True, Bianca Jagger looked every bit the great beauty she always has been in poison green. Lara Stone, meanwhile, is one of the few lovely enough to carry off a perfectly simple little white cocktail dress. She says she's constantly mistaken for Matt Lucas, but it's safe to say she didn't look like him at all in Calvin Klein. British Style icon Alexa Chung was pretty as a picture in sugar pink and not-very-British-at-all Chanel. Her leather jacket was Burberry, though, so that's all right for any rampant Anglophiles out there. Then there was Katie Grand, resplendent in acqua vintage Giles Deacon and with new Prada shoes, on the arm of Deacon himself, suitably dapper in a ruby smoking jacket courtesy of Ungaro.

For the most part, though, these were the exceptions that proved the rule that the fashion establishment still believe that black is the colour to be seen in to the point where even a shade as muted as petrol blue seemed like a radical departure.

Still, there's black and black.
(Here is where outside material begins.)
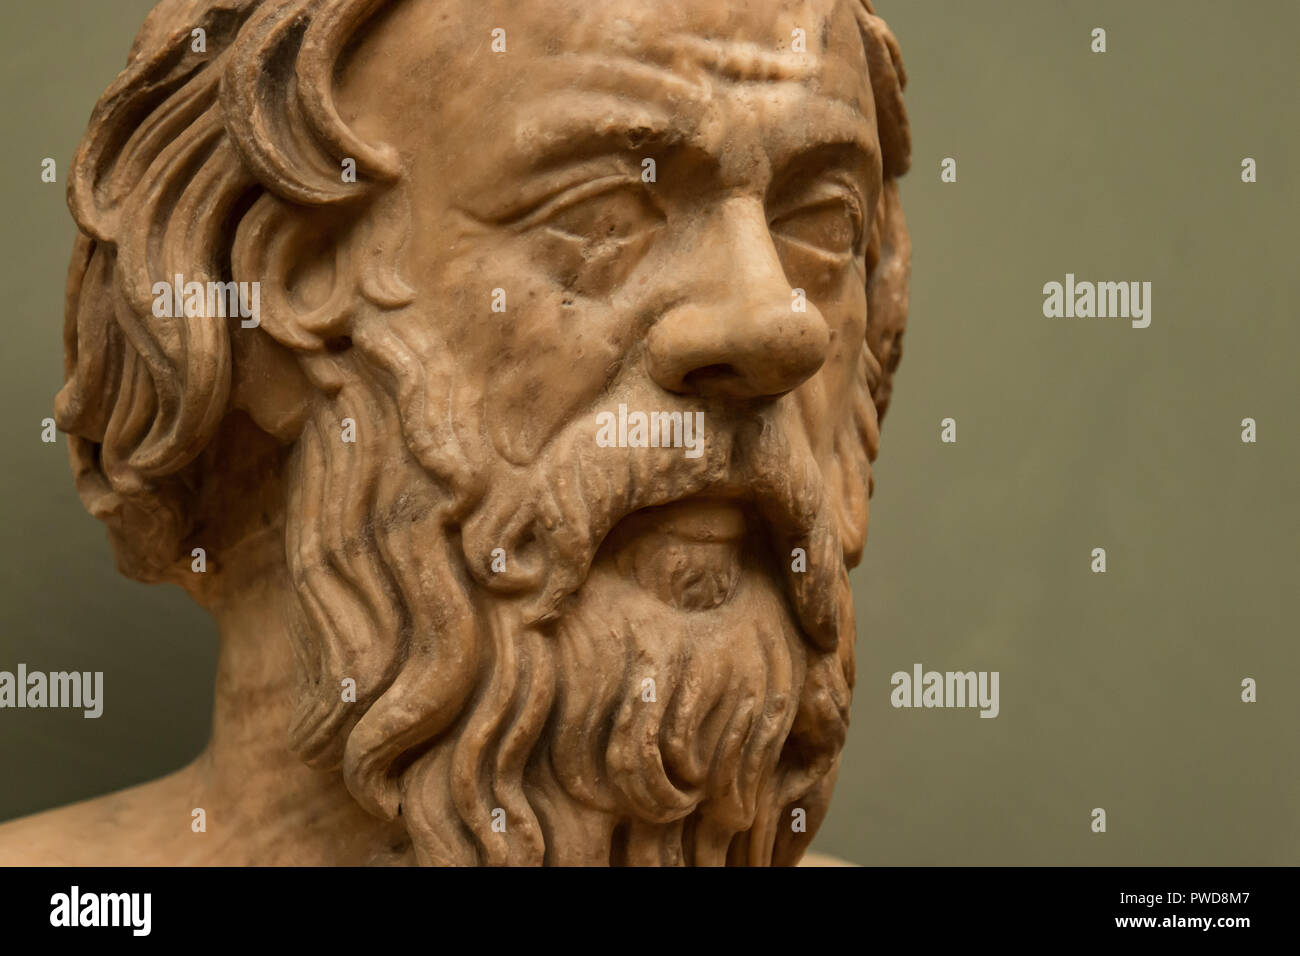 Portrait of a man on a herm known as Socrates is a bust on display in the Uffizi Gallery in Florence, Italy. Stock Photo

While black cocktail dresses aplenty were on display, Christopher Kane's leather and lace designs stood out – a marginally psychotic Heidi springs to mind, and his sister Tammy Kane wears the look well. New British Fashion Council ambassador Samantha Cameron (a bit of a stretch, that one, by anyone's standards) wore a full-length and rather stiff black Osman design, Victoria Beckham's ankle-length split-to-the-thigh style was draped and narrow and the marvellous Naomi Campbell opted for a long dress by new Alexander McQueen creative director Sarah Burton.

Designer of the Year Phoebe Philo's outfit sprang from the time-honoured tuxedo given to women by Yves Saint Laurent in an attempt to rid them of the frills and furbelows of traditional eveningwear. Here was a strapless all-in-one "le smoking" that was as coolly oversized as it was appropriate and elegant and, on Philo at least, not even remotely reminiscent of something that a Teletubby might wear.